A child’s anger meets Redemptive Discipline

A friend of mine asked me to post the hard parts of having a kid. Well, above is a photo of my kid acting ‘hard’. If he doesn’t get his way—which he often doesn’t despite his best attempts at launching tyrannical tirades—his face turns thuggish with a deeply-etched razor-scowl bent on unleashing a torrent of scratches, head-butts, scrapes, kicks, and slaps often strong enough to cause a minor hematoma (I have one on my brow as I write). We can try to soothe him. We can acknowledge and redirect his desires. We can invest ourselves in alternative playtime with him.

My go-to remedy, oddly enough, is to hug him. He may need space alone to get out his frustrations, but that always results in hugs, too. Meeting his frustration with our love is simultaneously off-putting and comforting to him when he’s boiled over with rage. Perhaps he just can’t stand having mixed feelings, but hugging him causes him to relent and cry and cling tightly to me. I never thought toddlers could meet discipline with such confused and subconscious ambivalence. It’s like having a teenager.

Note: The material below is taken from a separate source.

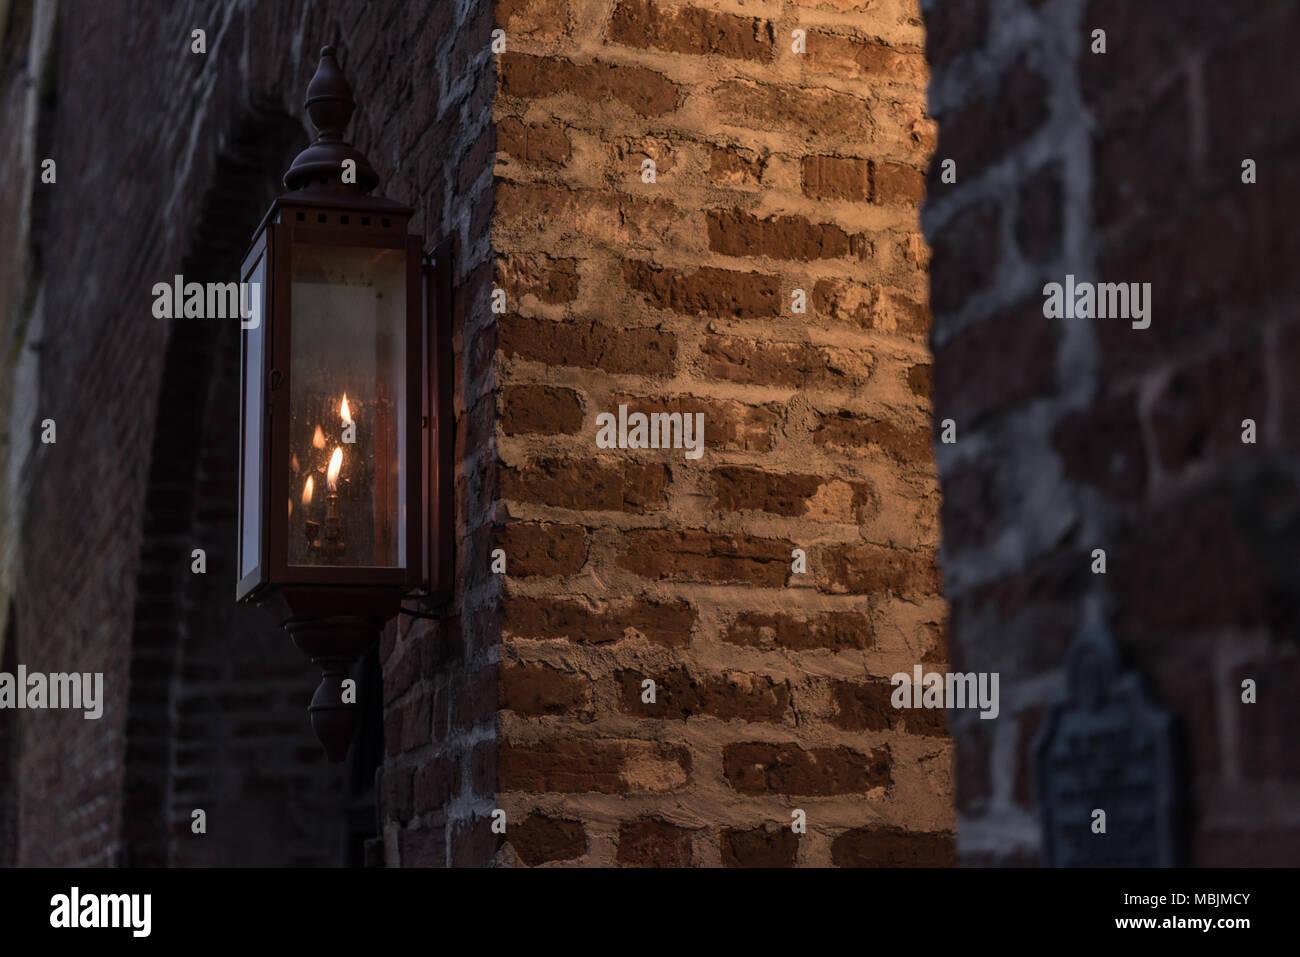 Gas Lamp Around the Corner of Lit Brick Wall - Stock Image

I think about all this every so often and I wonder who he will be. Every so often, I begin to entertain thoughts (catastrophize, maybe?) about whether this is a phase or if it’s a permanent fixture of his personality. Does this enraged toddler foreshadow a sulky adolescent flirting with future borderline personality disorder? Will I have that kid I read about who at one moment is playing gleefully with his mama and the next moment threatening the lives of other kids the moment he doesn’t get his way? The same boy whose mother knew the hospital orderlies by name whenever one of these fits went too far? Okay, okay: That’s a bit extreme to consider at this point in my boy’s development, but I’m not wandering too far off the script of modern parenting should I play the role of worrier-in-chief.

But there’s a lot of love between here and teendom. I have a plan that will help my boy connect the dots between being an enraged child and becoming a canonization-worthy man, but I’m faced with the prospect that nothing I can plan from this vantage point is foolproof. Unlocking the idea that his rage is quelled by love tells me something, however: every child battles a spiritual battle from the get-go. Just a short while after they let go of simple comfort of routine nourishment, playtime, and sleep, they realize quickly that they’re addicts of attachment, affection, and presence. Mama leaving the room? Prepare for wailing and gnashing of the baby teeth. Papa going off to work? Witness how the joyful morning transforms into the sour-dour-hour. Insisting on early bedtime? Brace for a toddler’s revolt unless you provide two dozen bedtime stories, five hundred hugs, and a pillow for two. They demand an immaterial response—a closeness, an intimate contact, a maturing communion. Because this child longs for anything but a sheer biological response: He has a trajectory—a telos—towards unwavering love. He’s aiming toward God.

In other words, his spiritual life is nascent, but alive. And all his years I could respond to his fieriness with stern rebukes, corporal punishment, emotive appeals, redirects, and a countless other “techniques”. But if I am going to foster an environment that sets his fiery soul on fire for God, that will require a kind of Redemptive Discipline, where he knows that his upbringing is not just an adjustment of bad behavior, but a boy journeying on his way to whatever God intends for him. Or, in Catholic parlance, he will require from me what will one day be his Cause for Canonization.